My kids, admittedly picky eaters, even love this recipe! I usually sneak in extra veggies like broccoli and carrots, finely chopped, so they don't even notice. The sesame oil gives it a delicious nutty aroma, and the tamari provides a nice savory depth. It's the perfect balance of sweet and savory, making it a crowd-pleaser for both kids and adults. Even my husband, who usually prefers a hearty steak, asks for seconds!

Beyond its convenience and deliciousness, this vegetable fried rice is surprisingly healthy. It’s packed with vegetables, providing essential vitamins and minerals. The brown rice (I often use brown for the added fiber) adds a good source of complex carbohydrates. It's a complete meal, and I feel good about serving it to my family knowing it’s both satisfying and nutritious.

I usually prep the vegetables earlier in the day or the night before, making the actual cooking process even faster. This is a lifesaver on busy weeknights. I simply chop everything and store it in airtight containers in the refrigerator. When dinner time rolls around, I just need to heat the oil, sauté the aromatics, and toss everything together – it’s truly that easy! It’s become a staple in our weekly meal rotation, and I know it will be a welcome addition to your kitchen as well.

Another tip that makes this recipe extra special is to let the rice cool completely before adding it to the wok or pan. This helps prevent the rice from becoming mushy. And don't be afraid to experiment with different vegetables! Whatever is in season and looks appealing is fair game. The possibilities are endless, and that's one of the things I love most about this simple, yet versatile dish.

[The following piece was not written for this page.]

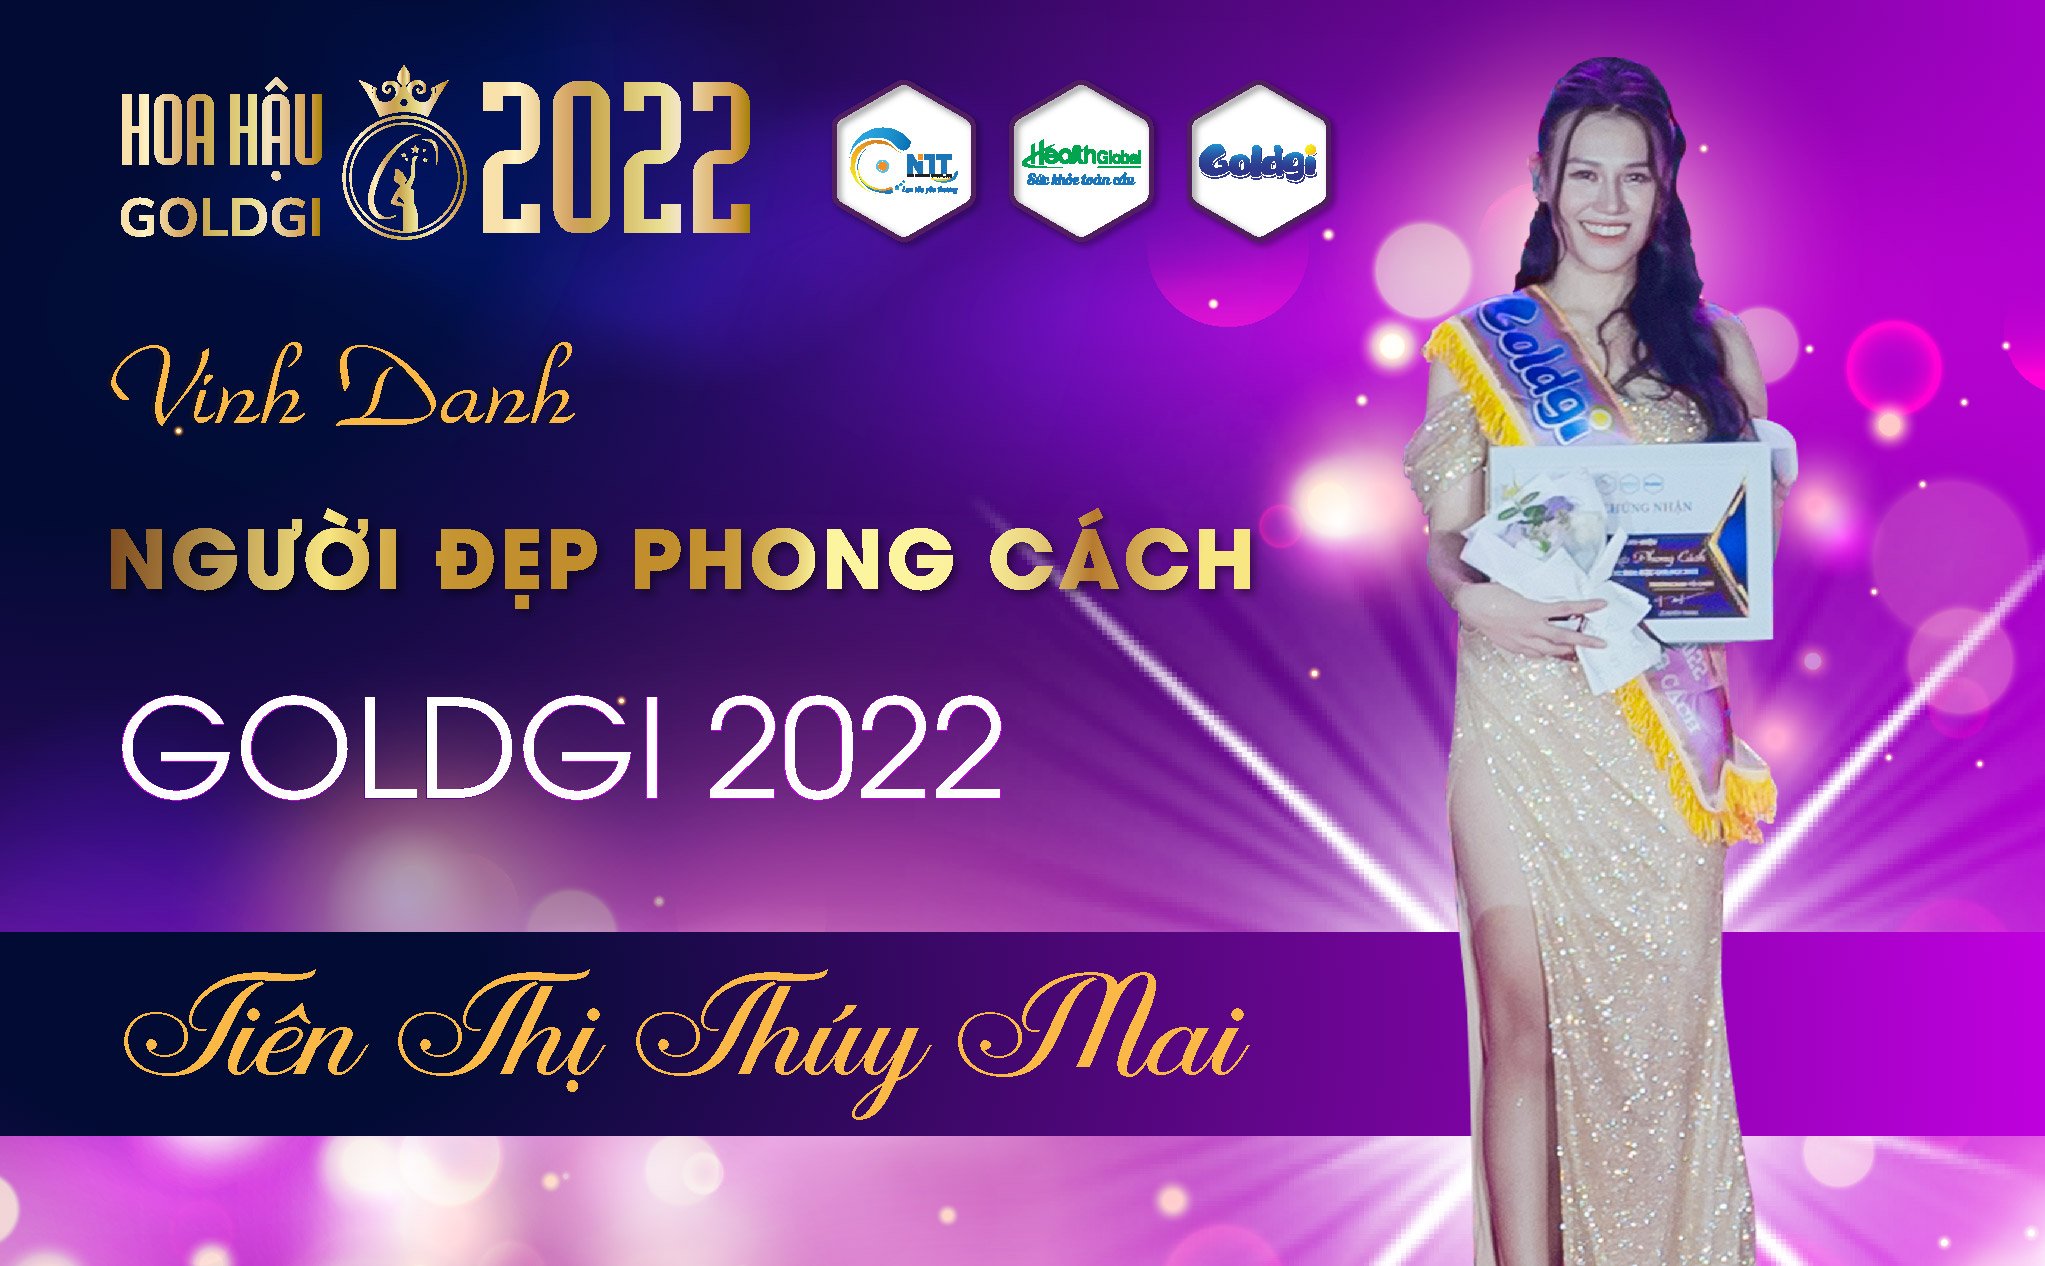 Đêm chung kết Hoa Hậu Goldgi 2022 bùng nổ mạnh mẽ với người đẹp phong cách Tiên Thị Thúy Mai- Đại diện hệ thống Siêu thị Ba Sao. 
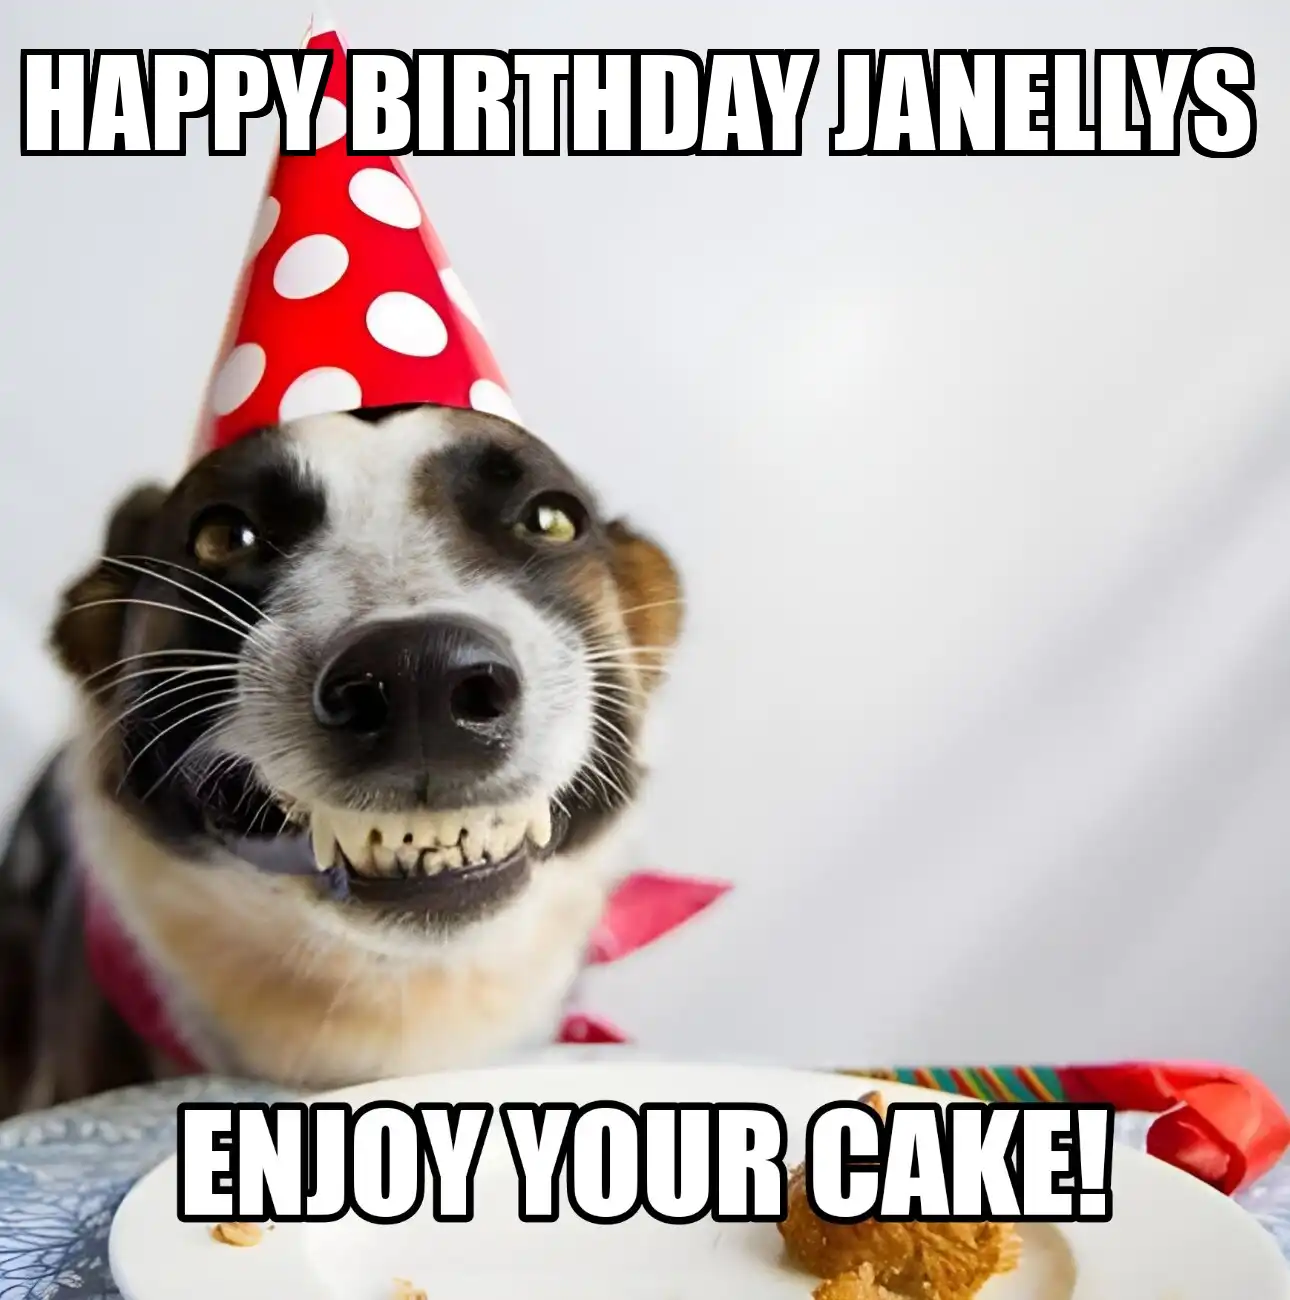 Happy Birthday Janellys Enjoy Your Cake Dog Meme

So, whether you're a busy professional, a stay-at-home mom, or simply someone looking for a quick and healthy weeknight meal, give this vegetable fried rice a try. You won't be disappointed! Its ease of preparation, delicious flavor, and nutritional value make it a perfect addition to any weeknight dinner routine.

Step-by-step

    • If using prepackaged cauliflower rice, you could use as is or pulse it in a food processor 4-5 times for finer consistency.
    • If making cauliflower rice from scratch, place cauliflower florets in a food processor and process until broken down to small pieces the size of rice. Drain excess moisture by placing the "rice" in a strainer lined with towels.
    • Heat 1 tablespoon sesame oil in a large non-stick skillet.
    • Sauté onion and white part of green onion until soft and translucent (approximately 5 minutes).
    • Add garlic and sauté until fragrant (about 30 seconds).
    • Add rice (and cauliflower rice if using), 1 tablespoon sesame oil, and stir well to break up clumps and coat with oil and onions (3-5 minutes until heated and soft). Stir constantly to prevent sticking.
    • If adding egg, create a well in the center, spray with cooking oil, and add lightly whisked eggs; scramble. (Alternatively, cook eggs separately and add later.)
    • Add vegetables, including green onion greens, and mix well with rice (approximately 1 minute).
    • Add tamari and vinegar. Mix well and sauté until vegetables are tender (about 5 minutes).
    • If rice is too dry, add 1-2 tablespoons water or vegetable broth.
    • Taste and adjust seasoning with salt, pepper, tamari, or rice wine vinegar as needed.